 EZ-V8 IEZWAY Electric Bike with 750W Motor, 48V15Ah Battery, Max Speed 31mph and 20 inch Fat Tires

-*-*-

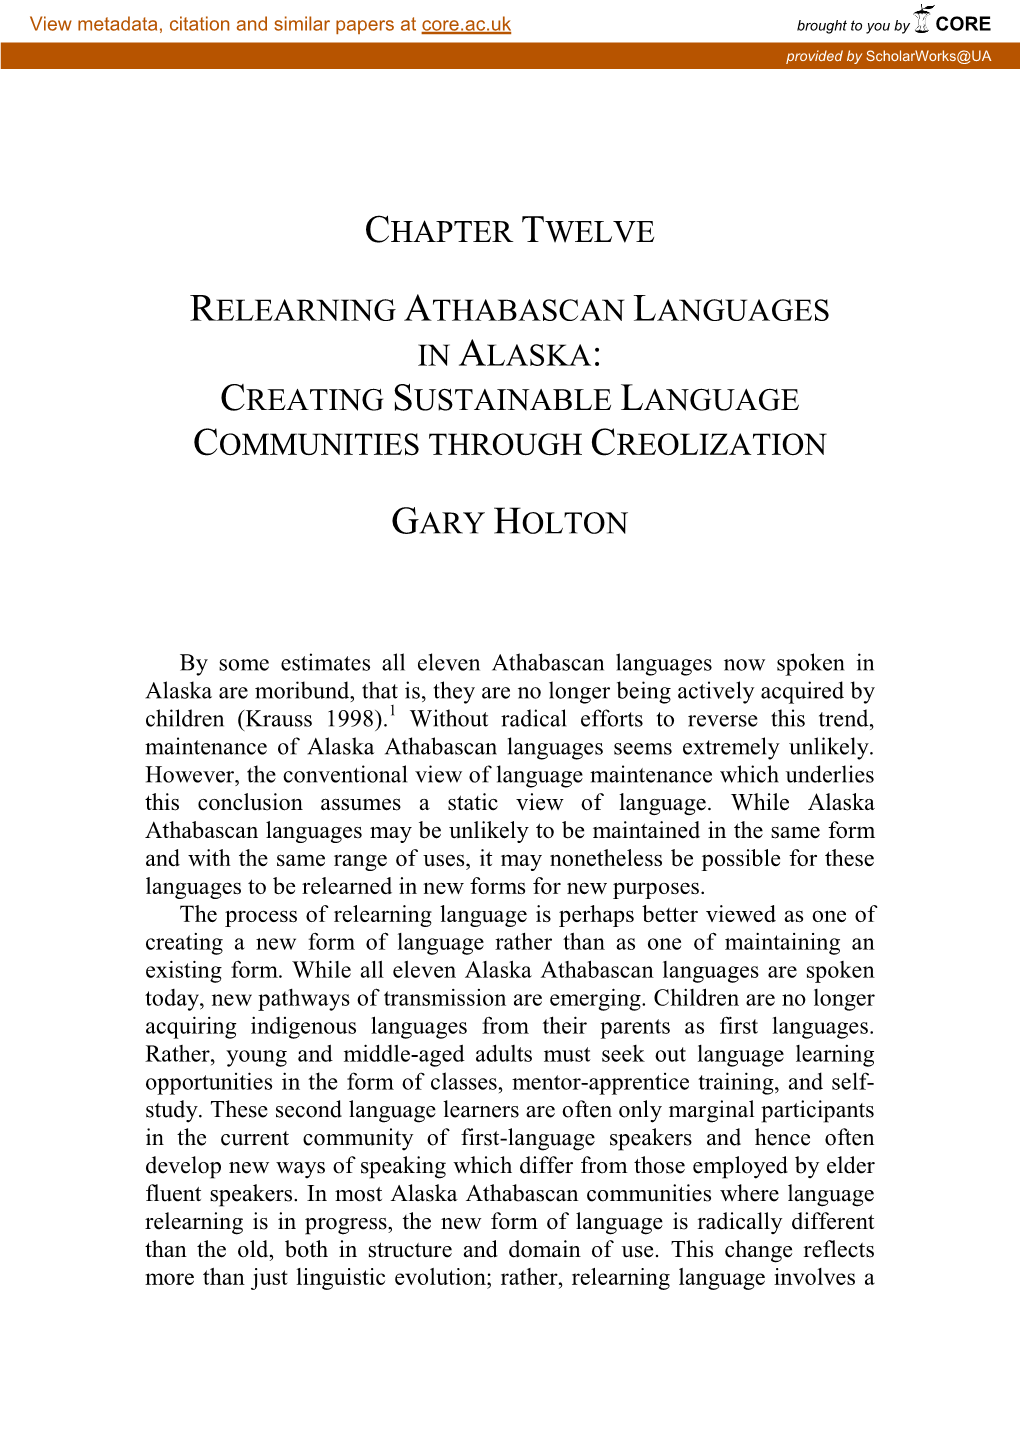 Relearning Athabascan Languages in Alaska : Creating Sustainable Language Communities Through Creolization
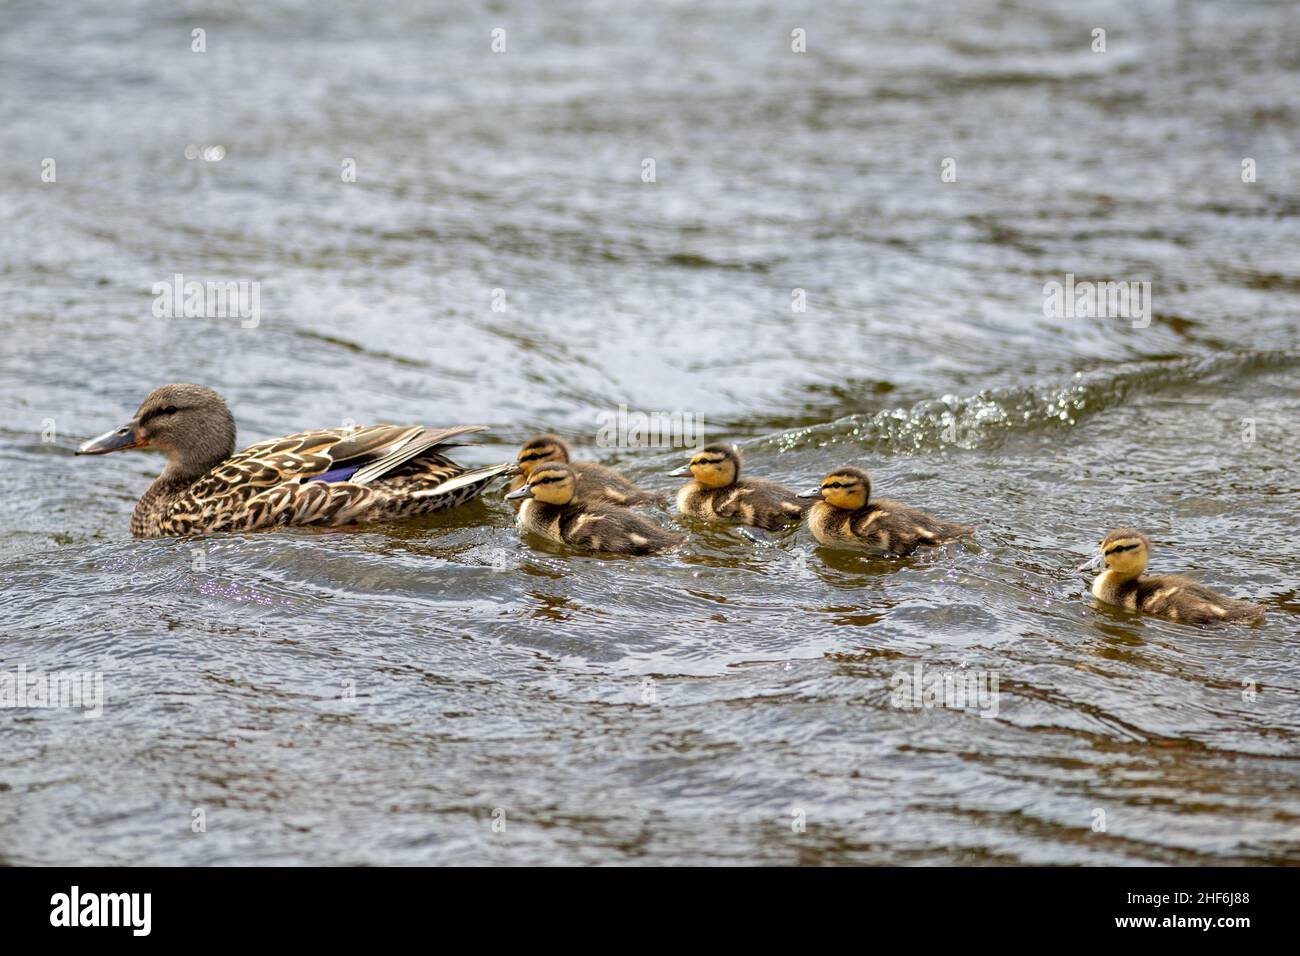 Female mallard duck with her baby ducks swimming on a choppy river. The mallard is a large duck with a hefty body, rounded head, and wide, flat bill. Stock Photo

-*-*-

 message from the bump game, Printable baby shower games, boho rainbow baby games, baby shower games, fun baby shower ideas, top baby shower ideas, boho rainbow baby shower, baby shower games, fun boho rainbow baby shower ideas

-*-*-

## Problem to solve
Write out exactly the run of lines above that starts at the line containing "Relearning Athabascan Languages" and ends at the line containing "Female mallard duck". Include both, and leave the pictures out.

## Written answer
 Relearning Athabascan Languages in Alaska : Creating Sustainable Language Communities Through Creolization
 Female mallard duck with her baby ducks swimming on a choppy river. The mallard is a large duck with a hefty body, rounded head, and wide, flat bill. Stock Photo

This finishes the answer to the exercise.